By Rep. Sarah Lightner of Springport
The fight against coronavirus continues on many fronts – and one of the areas where it has had the most dramatic impact is in our schools.
A new executive order – issued by the governor with bipartisan input from the Legislature – will keep schools closed for the rest of the 2019-20 academic year unless they are later deemed safe and can reopen. Meanwhile, districts will have several options to educate students remotely.
Remote learning programs must be approved by intermediate school districts or charter school authorizers. The plans could include online learning or a variety of other options including lessons via the phone or with materials sent through the mail.
A total of 24 instructional days will be forgiven, including snow days currently allowed under state law. School districts are required to use resources from days that have been waived to ensure all hourly and contracted employees are fully compensated.
Seniors will graduate and students will advance to the next grade level if they were on track to do before school buildings were closed.
The changes will continue into the next academic year.

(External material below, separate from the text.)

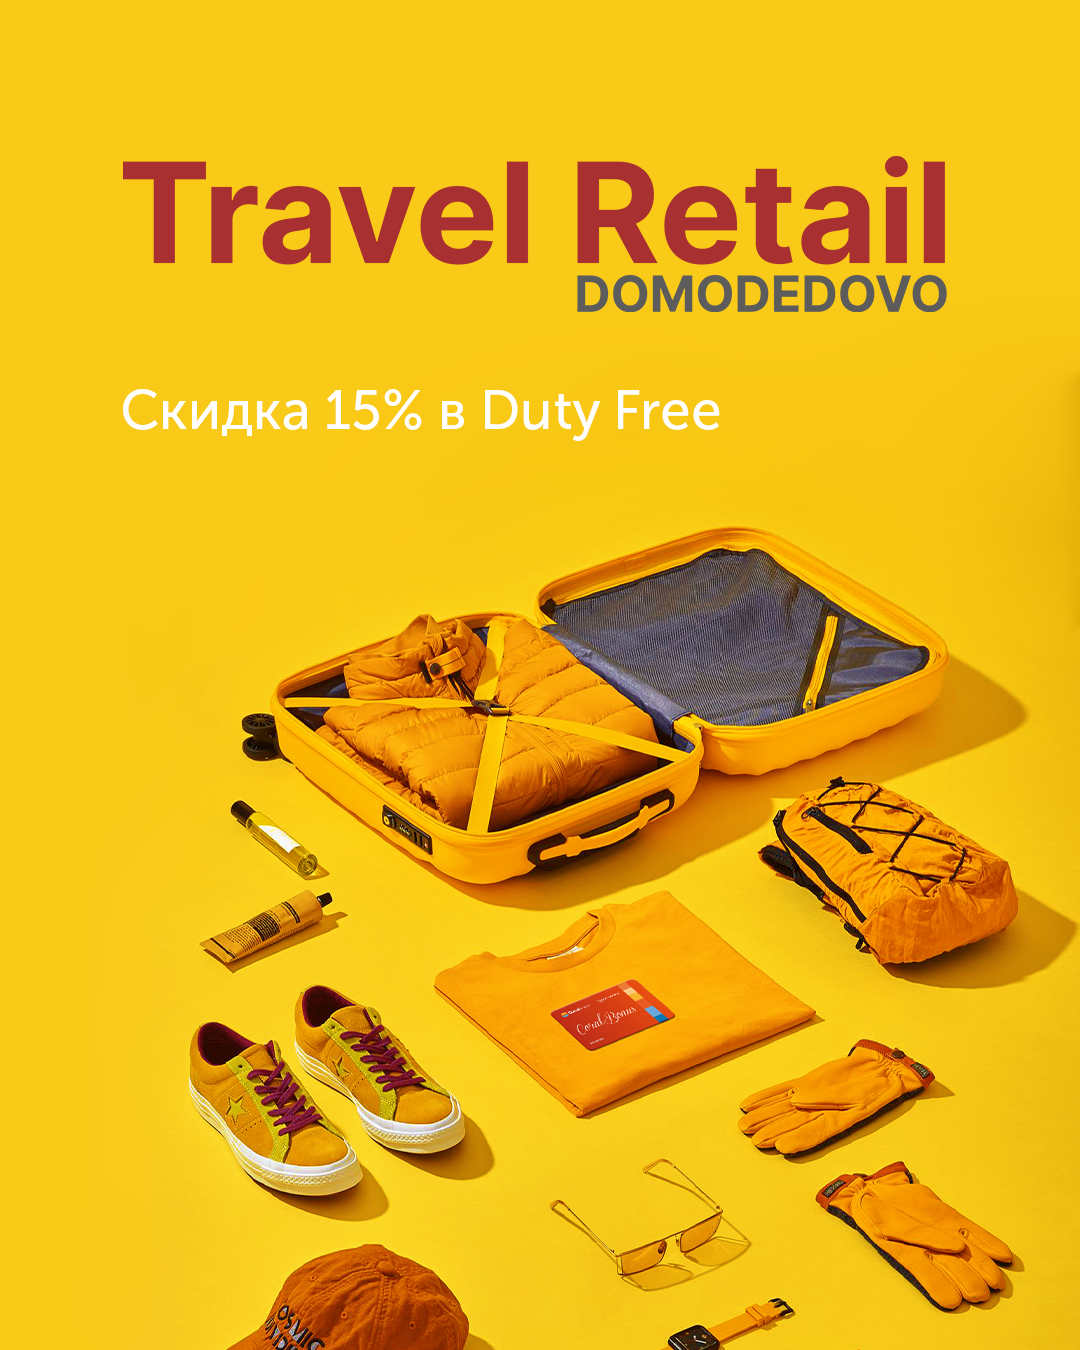 Travel Retail Domodedovo

School districts will be allowed to begin the 2020-2021 school year in August, prior to the Sept. 7 Labor Day holiday, to make up for time out of school this year.
This is difficult. This is challenging. But I know our local educators will rise to the challenge and help our kids continue to learn, because that is what they always do – in good times and tough times alike.
The bottom line: Our work continues to help protect the health and safety of all Michiganders, in schools and elsewhere in our communities.